Test of Treating Mice with FCA-induced Arthritis
The animal model created with FCA-induced arthritis is described above. 24 mice which conform to the animal model created with FCA-induced arthritis are provided. Experiments of therapeutic assessment are conducted, with the surface-modified microsphere composition, on the mice on day 21 after injected with FCA. The 24 mice are randomly divided into four groups (that is, six mice per group.) The four groups of mice are administered with reagents, namely saline, free diclofenac sodium, slow release PLGA microsphere, and the surface-modified microsphere composition, respectively. The mice are administered with 10 mg/kg/ml of diclofenac sodium (dissolved in the saline). The slow release PLGA MS contains DFA. The mice administered with the slow release PLGA MS end up with 10 mg/kg/ml of DFA. The surface-modified microsphere composition comprises diclofenac sodium and DFA; hence, the mice administered with the surface-modified microsphere composition end up with 10 mg/kg/ml of diclofenac sodium and DFA. All the aforesaid reagents are injected subdermally around the tibiotarsal joints of the mice's right hind legs.
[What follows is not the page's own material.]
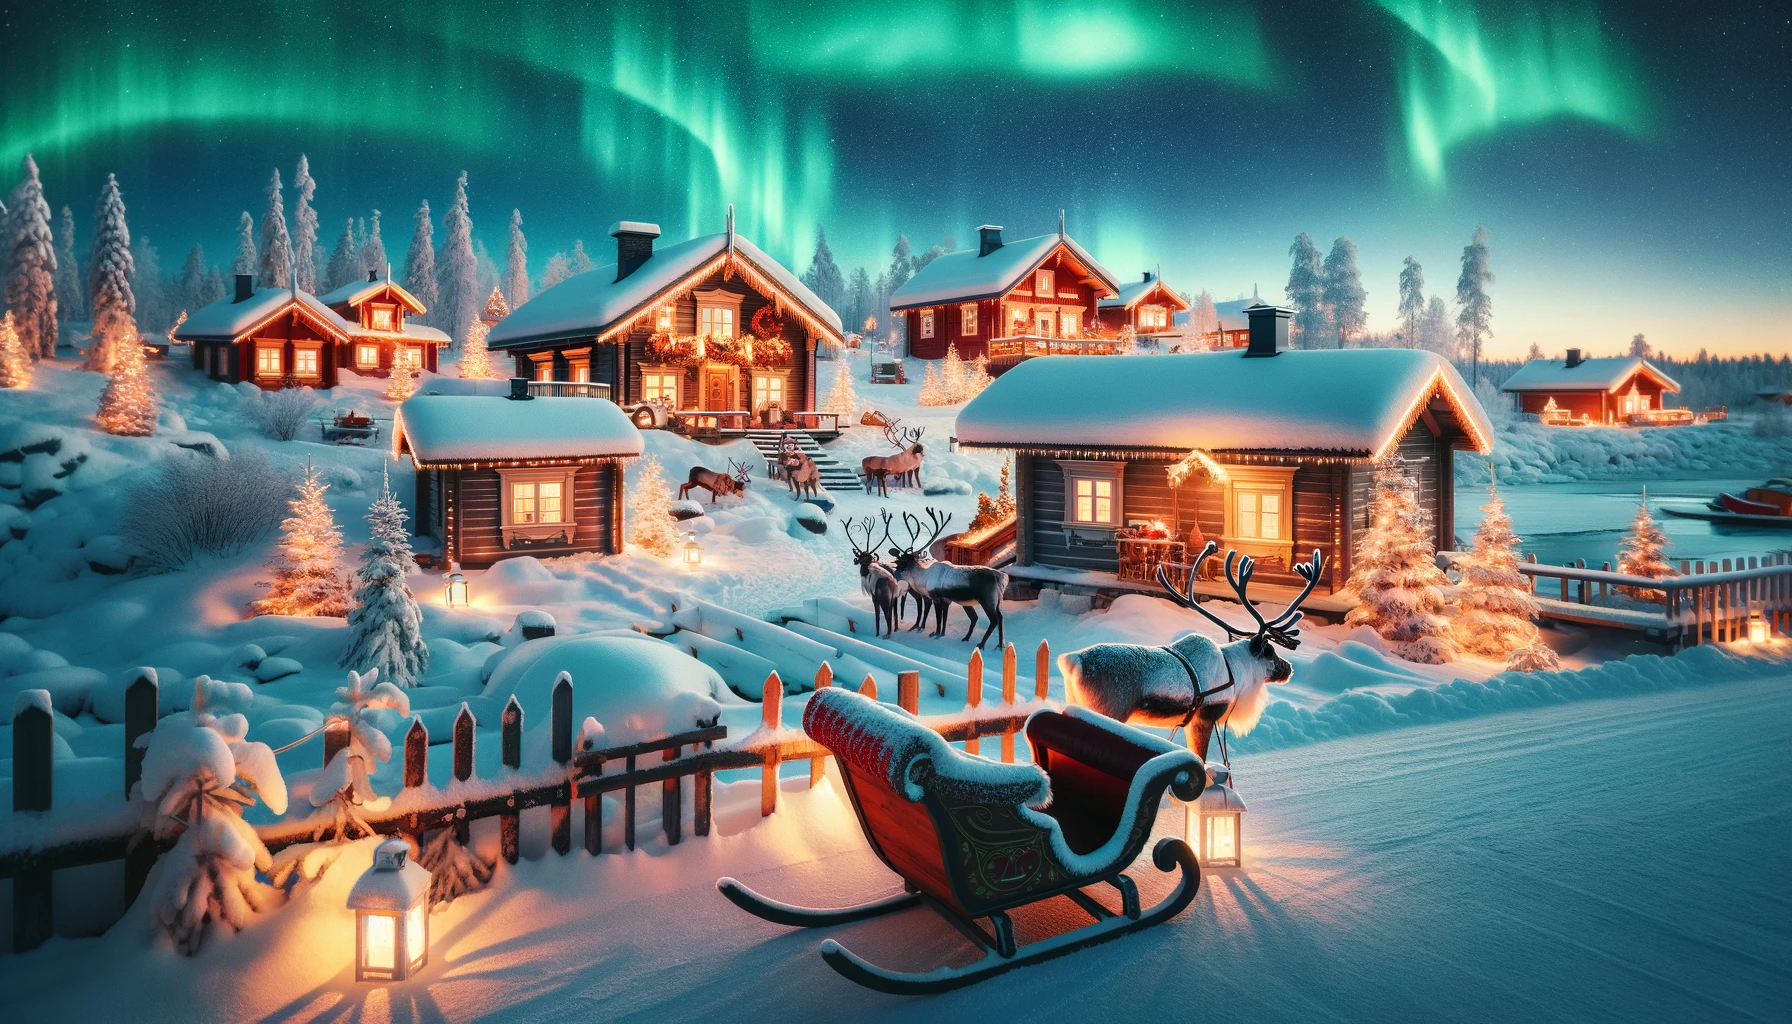 Zimowy krajobraz Rovaniemi z Wioską Świętego Mikołaja, drewnianymi chatami w śniegu, saniami z reniferami i zorzą polarną na nocnym niebie.
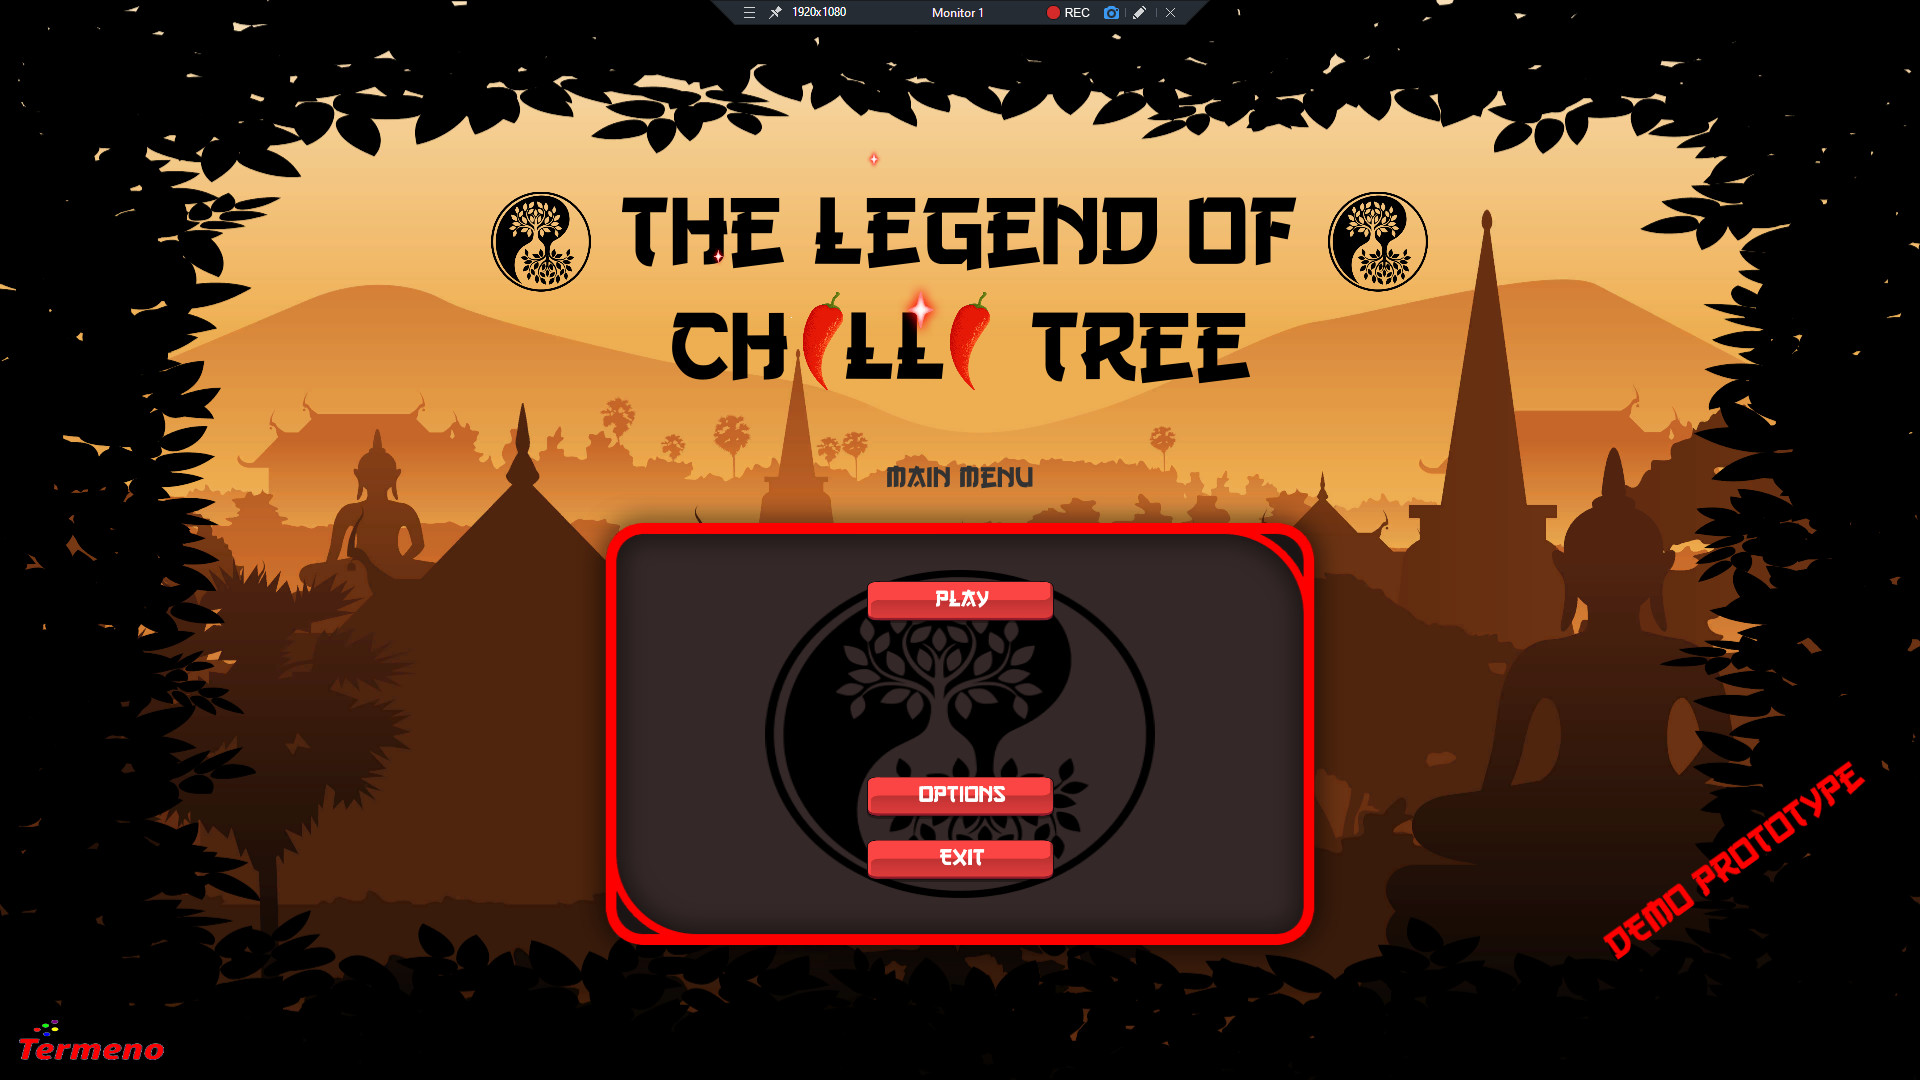 Legend of Chilli Tree Steam CD Key 0.69 $

Upon completion of the subdermal injection of the reagents into the four groups of mice, the diameters of left and right ankle joints and body weight of the mice are measured with a vernier caliper and recorded for 2 or 3 days.
In this embodiment, the surface-modified microsphere composition is for use in treating arthritis. However, in a variant embodiment, the surface-modified microsphere composition carries the other types of drug to treat the other types of diseases, such as cancer or eye diseases.
Surface-modified microspheres formed from the surface-modified microsphere composition of the present invention have spherical surfaces which are modified to carry positive charges so that drug is carried inside the surface-modified microspheres and the spherical surfaces of the surface-modified microspheres to effectuate dual-stage drug release. Initially, the surface-modified microspheres quickly release hydrophilic drug otherwise adsorbed on the spherical surfaces of the surface-modified microspheres. Afterward, the surface-modified microspheres persistently release hydrophobic drug from the inside of the surface-modified microspheres. Therefore, the surface-modified microsphere composition of the present invention enables drug to be released to achieve efficacy both instantly and persistently.
The present invention is disclosed above by preferred embodiments. However, persons skilled in the art should understand that the preferred embodiments are illustrative of the present invention only, but should not be interpreted as restrictive of the scope of the present invention. Hence, all equivalent modifications and replacements made to the aforesaid embodiments should fall within the scope of the present invention. Accordingly, the legal protection for the present invention should be defined by the appended claims.